=== PROVIDED ENTRIES ===
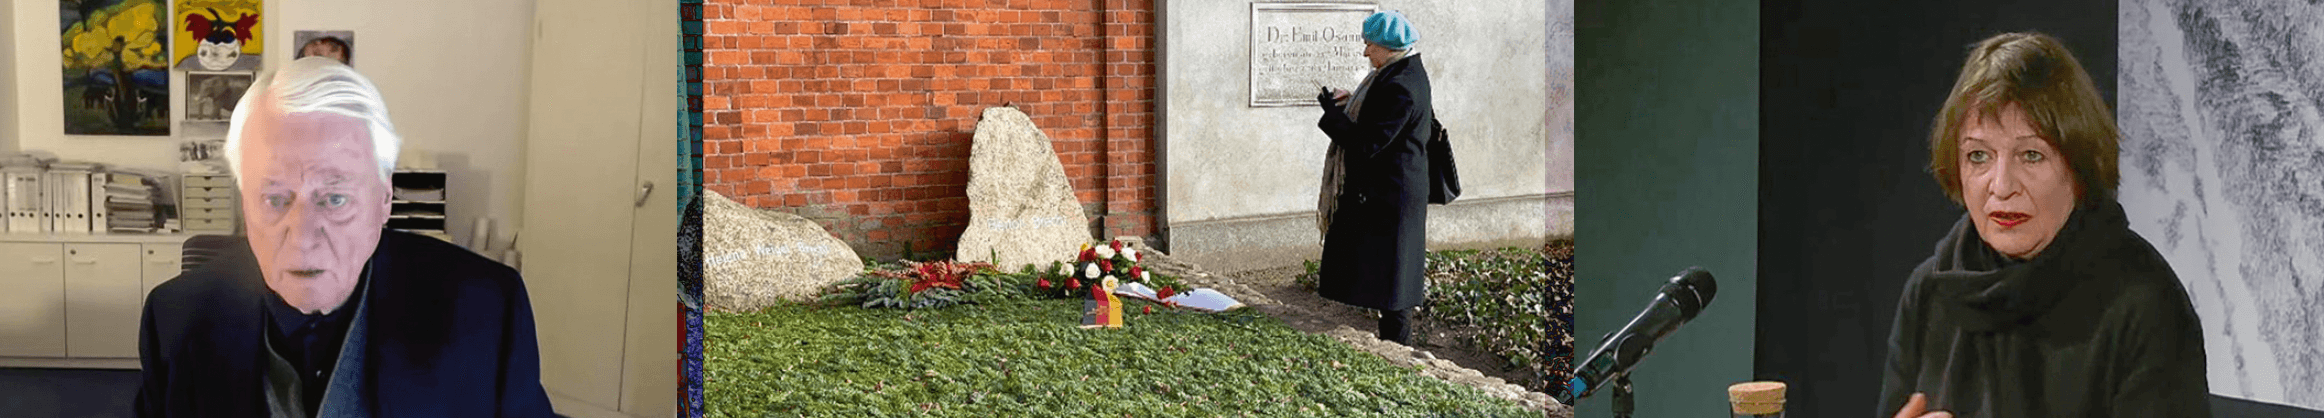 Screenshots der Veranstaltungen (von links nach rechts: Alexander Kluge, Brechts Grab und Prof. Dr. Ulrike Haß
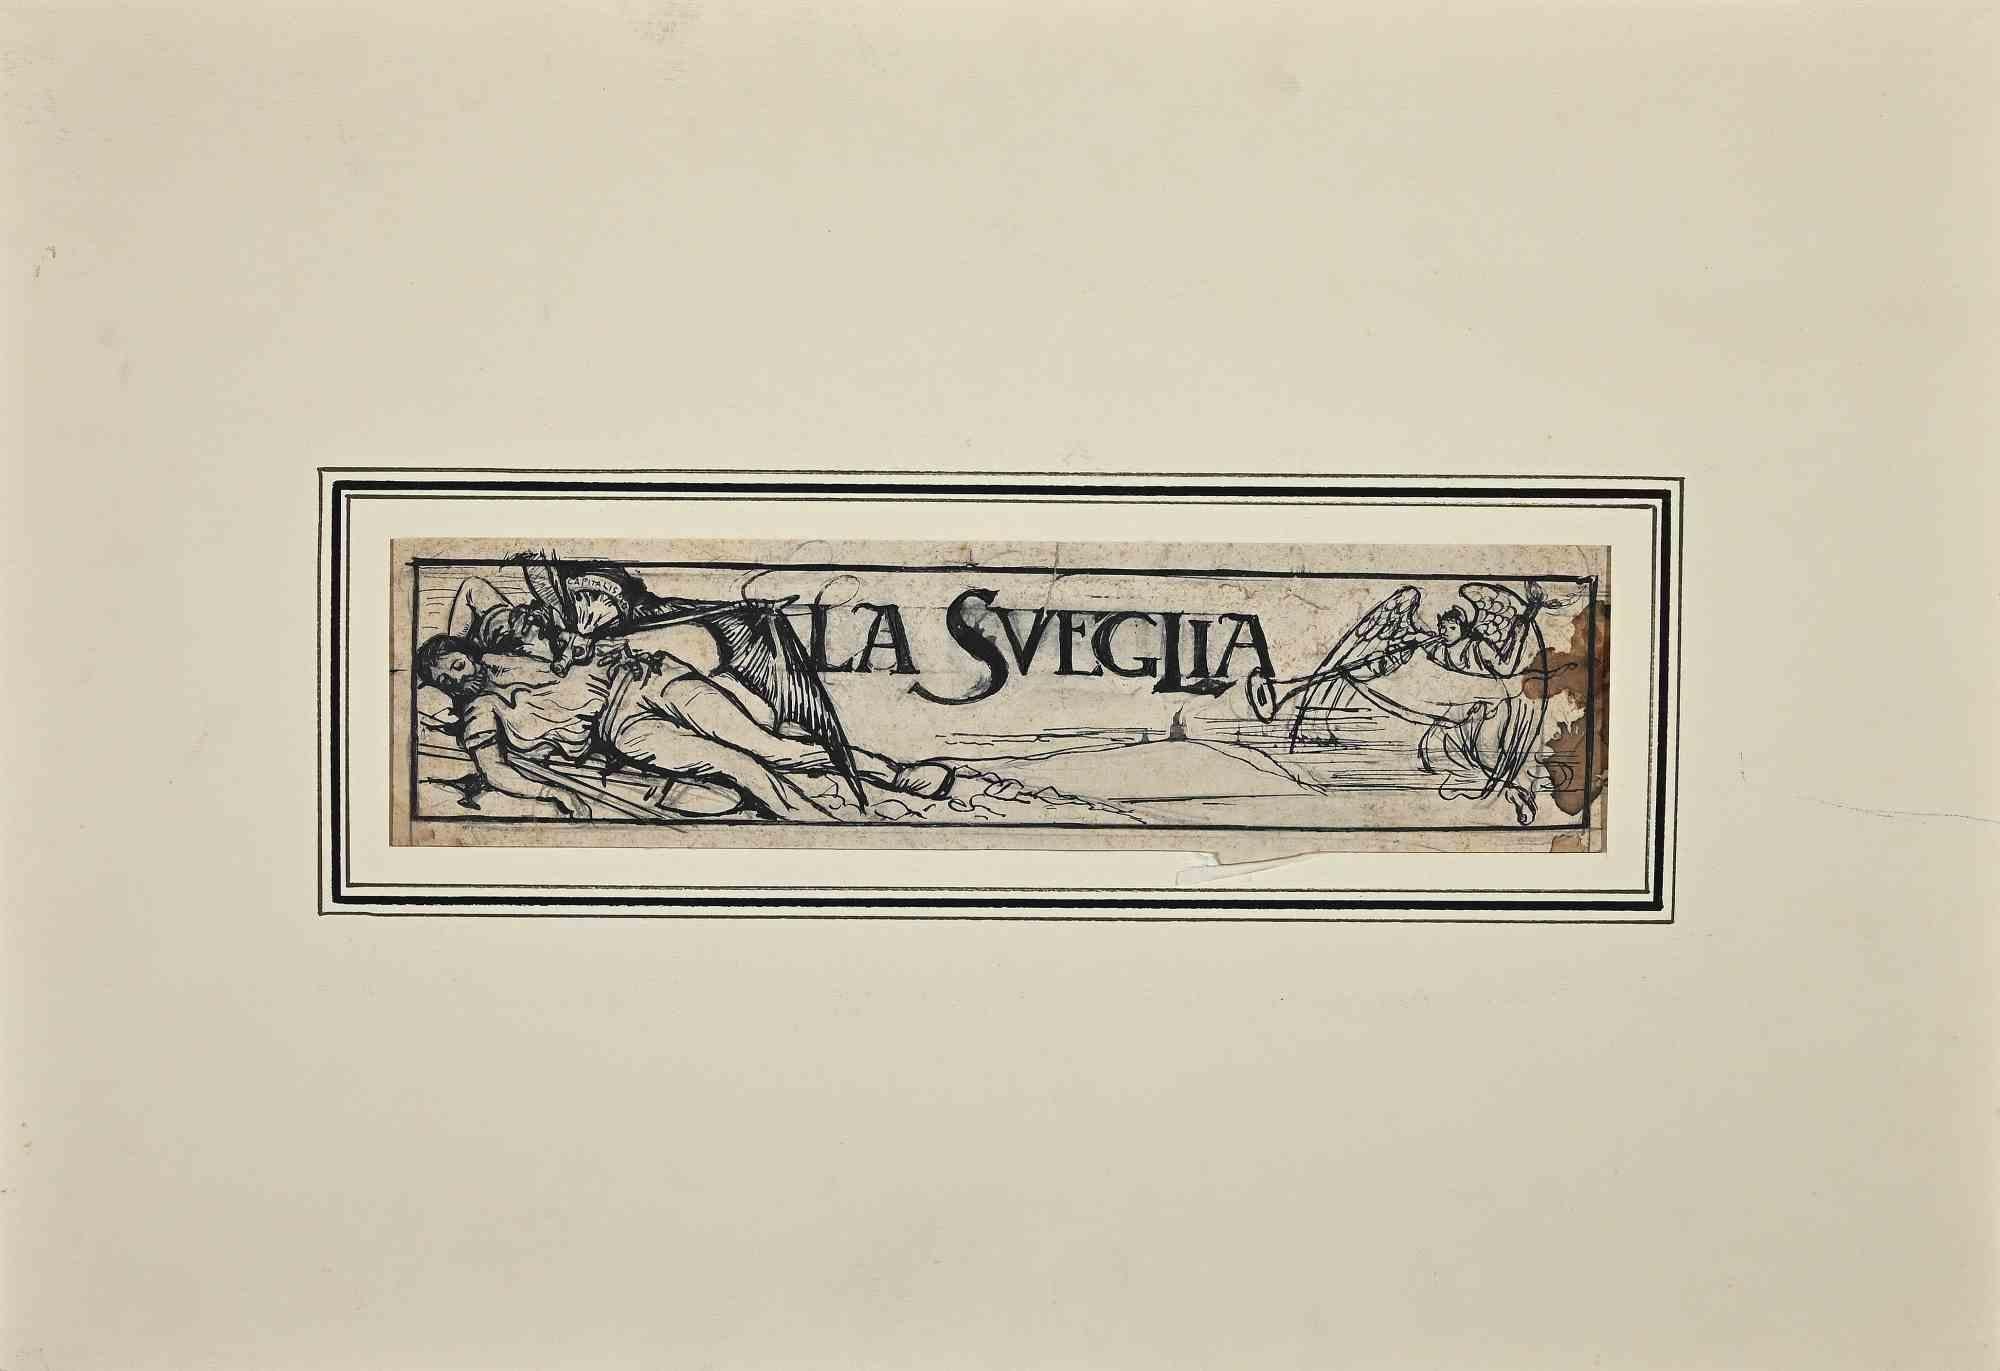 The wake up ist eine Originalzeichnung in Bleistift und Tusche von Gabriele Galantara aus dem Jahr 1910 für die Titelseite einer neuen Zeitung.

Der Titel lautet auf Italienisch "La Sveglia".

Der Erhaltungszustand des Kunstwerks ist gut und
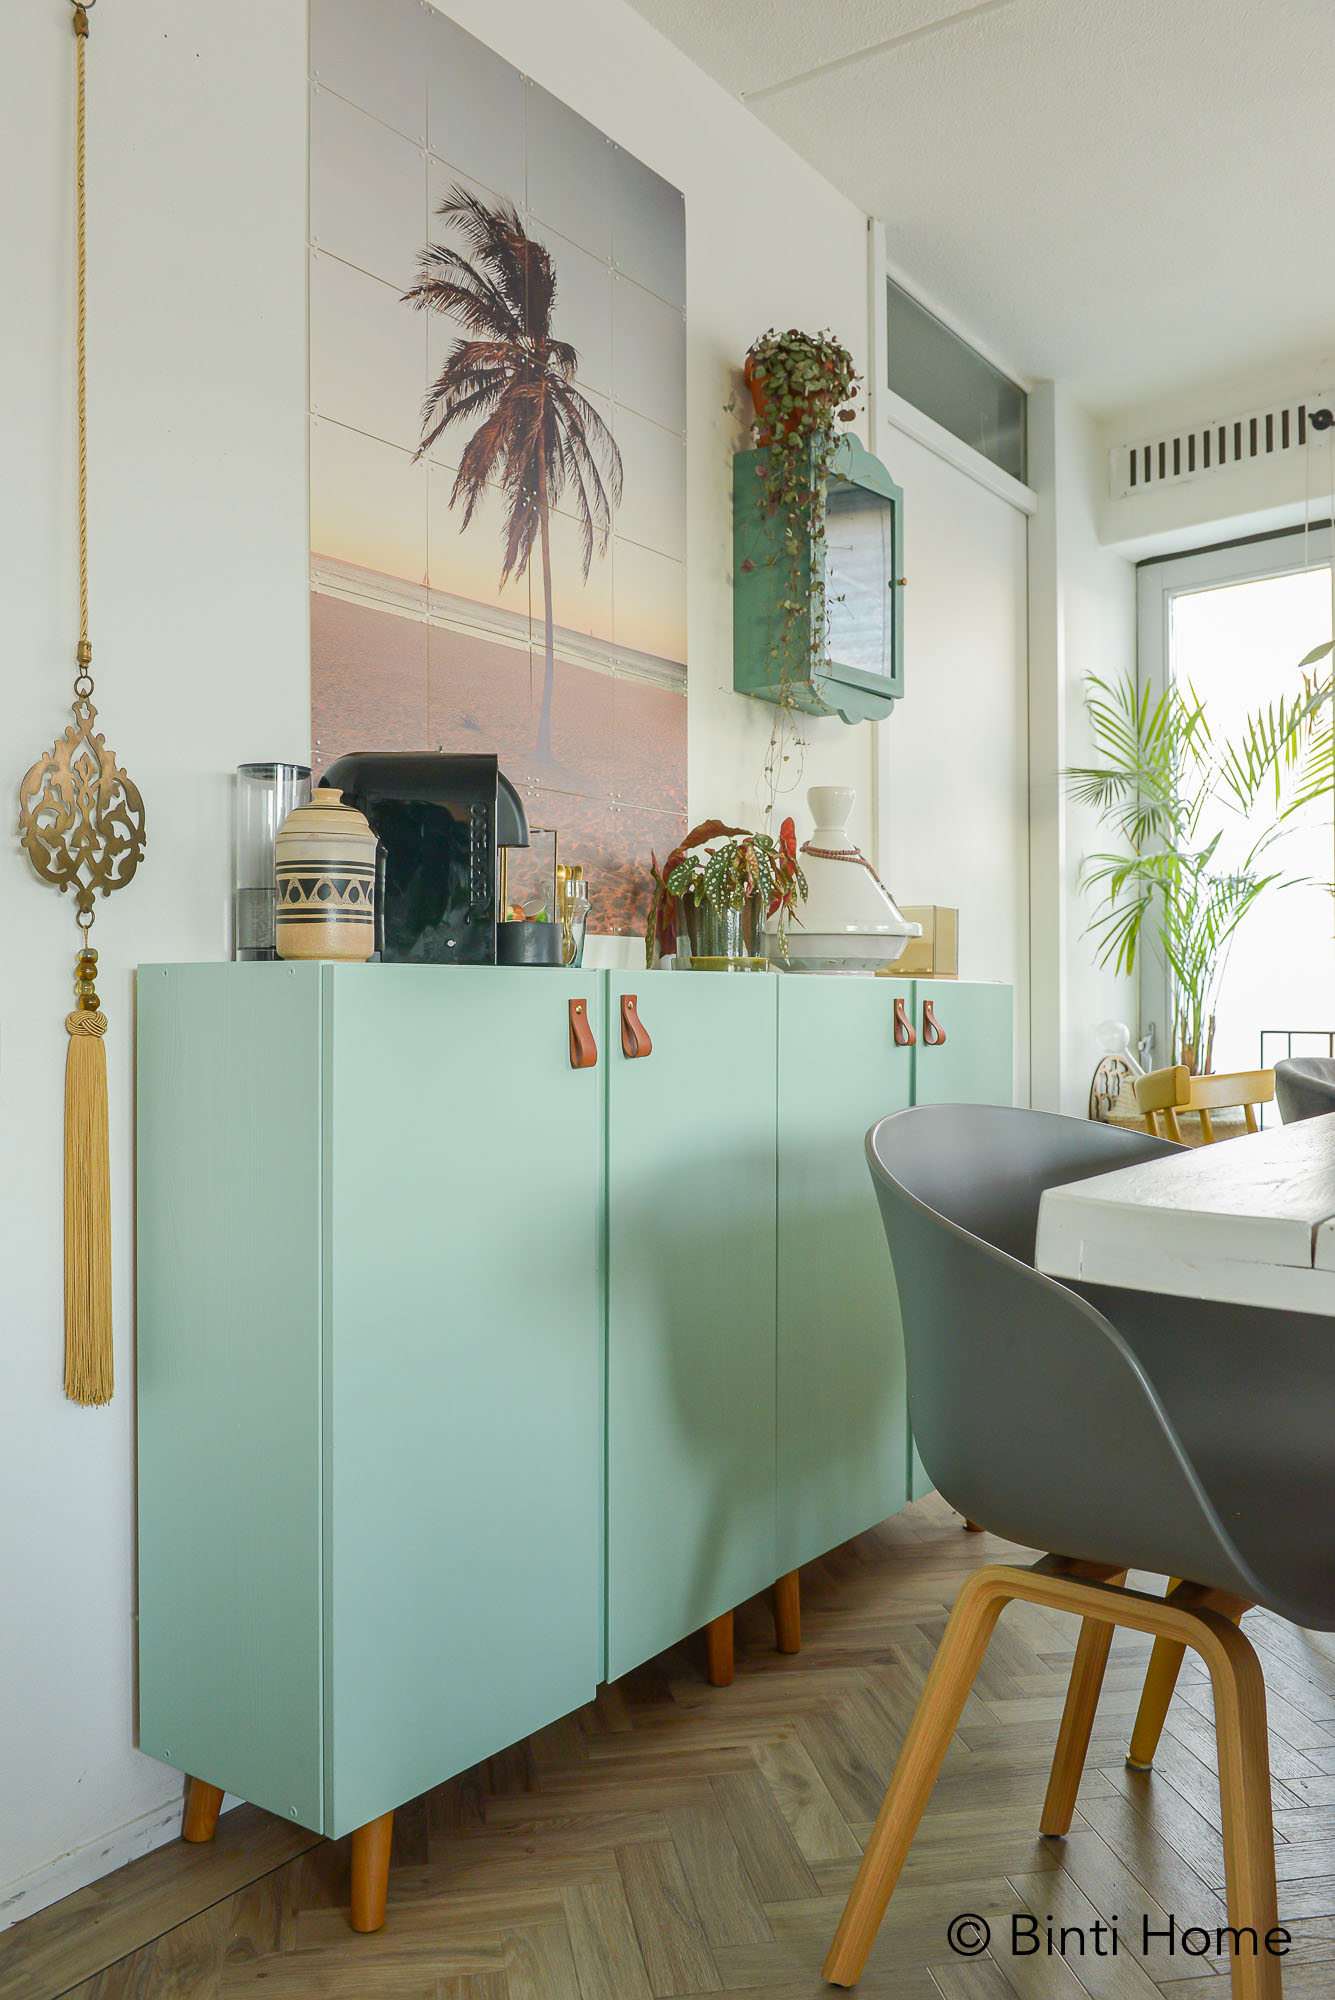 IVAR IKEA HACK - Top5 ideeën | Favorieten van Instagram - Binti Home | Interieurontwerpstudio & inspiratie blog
===
_WORK REQUEST_:
Working down from the line with "Der Erhaltungszustand des", copy each line exactly until the last line of the entries, which is also included. Omit the pictures.

_ANSWER BOX_:
Der Erhaltungszustand des Kunstwerks ist gut und
 IVAR IKEA HACK - Top5 ideeën | Favorieten van Instagram - Binti Home | Interieurontwerpstudio & inspiratie blog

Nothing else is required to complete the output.